I have gone back and looked at a number of these cached pages in google and have found that the cached pages that are roughly 30 days old or older. Will these pages ever get removed from google's index? Will the 301 redirect even be read by google to be redirected to the proper domain and page? If so when will that happen?
Are we better off submitting a full site removal request of the sites that carries the duplicate content at this point? These smaller sites do bring traffic on their own but I'd rather not wait 3 months for the content to be removed since my assumption is that this content is competing with the main site.
I suppose another option would be to include no cache meta tag for these pages.
Any thoughts or comments would be appreciated.
-
I went ahead and added the links to the sitemap, however when google crawled the links I receieve this message.
When we tested a sample of URLs from your Sitemap, we found that some URLs redirect to other locations. We recommend that your Sitemap contain URLs that point to the final destination (the redirect target) instead of redirecting to another URL.

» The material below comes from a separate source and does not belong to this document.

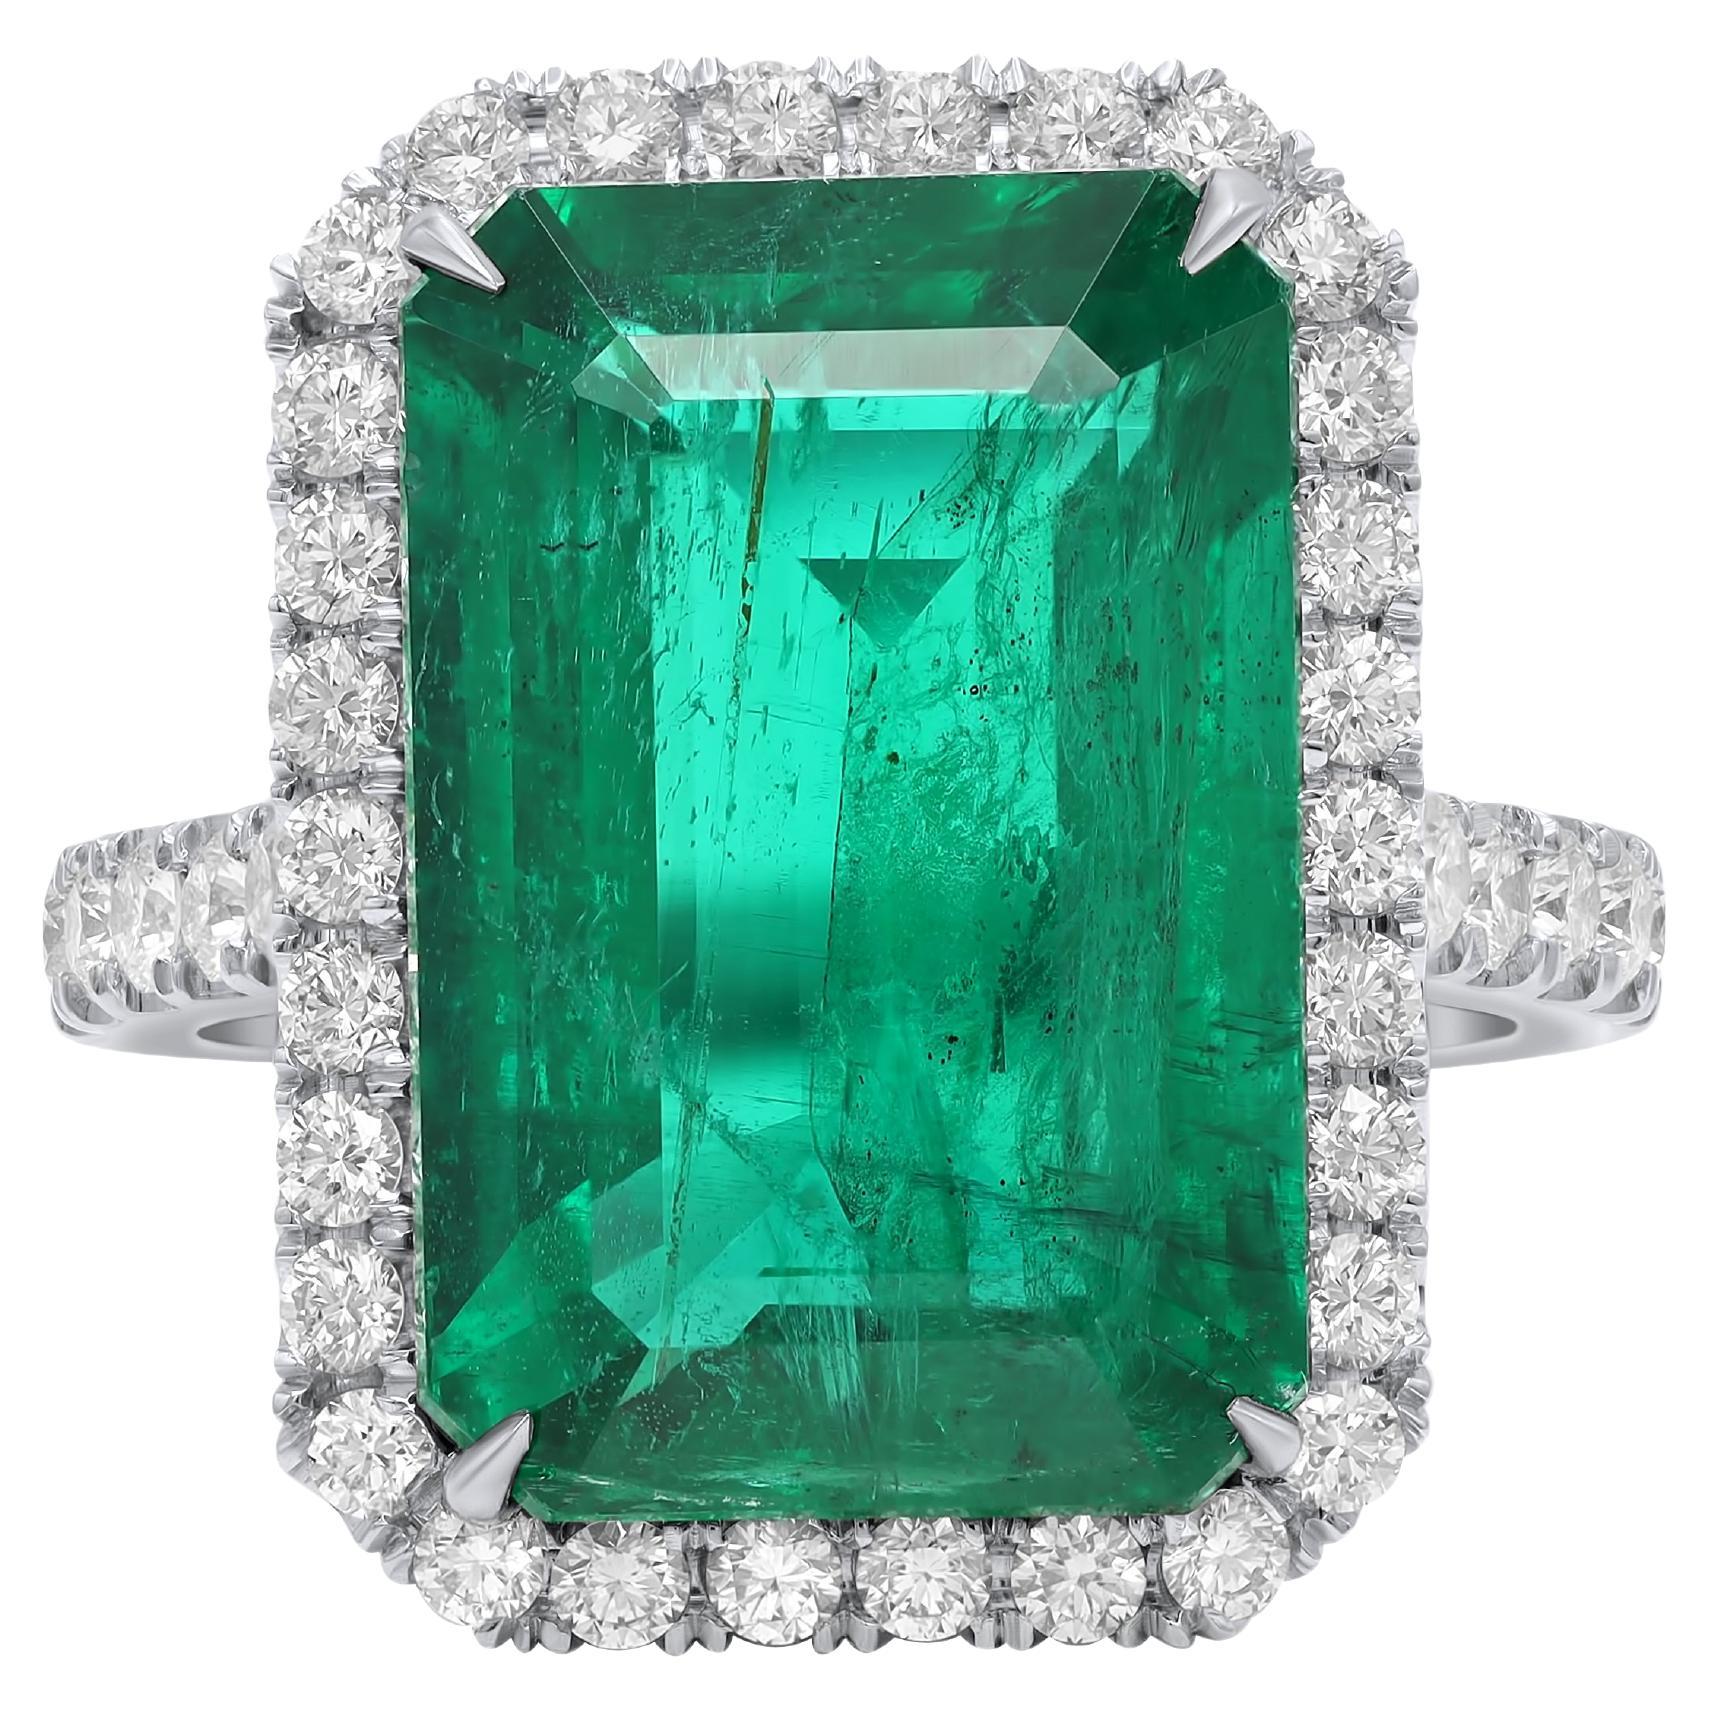 Diana M.Platinum emerald diamond ring featuring a 10.07 ct natural emerald  For Sale

However I do not understand how adding the redirected links to the sitemap will remove the old links.
-
Worth a shot. Crawl bots usually work by following links from page to the next. If links links no longer exist to those pages, then Google will have a tough time finding those pages and de-indexing them in favor or the correct pages.
Good luck!
-
One of the previous developers left a hole that caused this issue. The system shares code between sites.
-
Andrew,
The links were removed from the offending sites, but If I understand the gist of your suggestion Google won't remove them as quickly if they are no longer linked and yes I am using canonical tags. So I should create a sitemap with the previous links and once Google follows these links to the main site remove the sitemap. Is that your recommendation?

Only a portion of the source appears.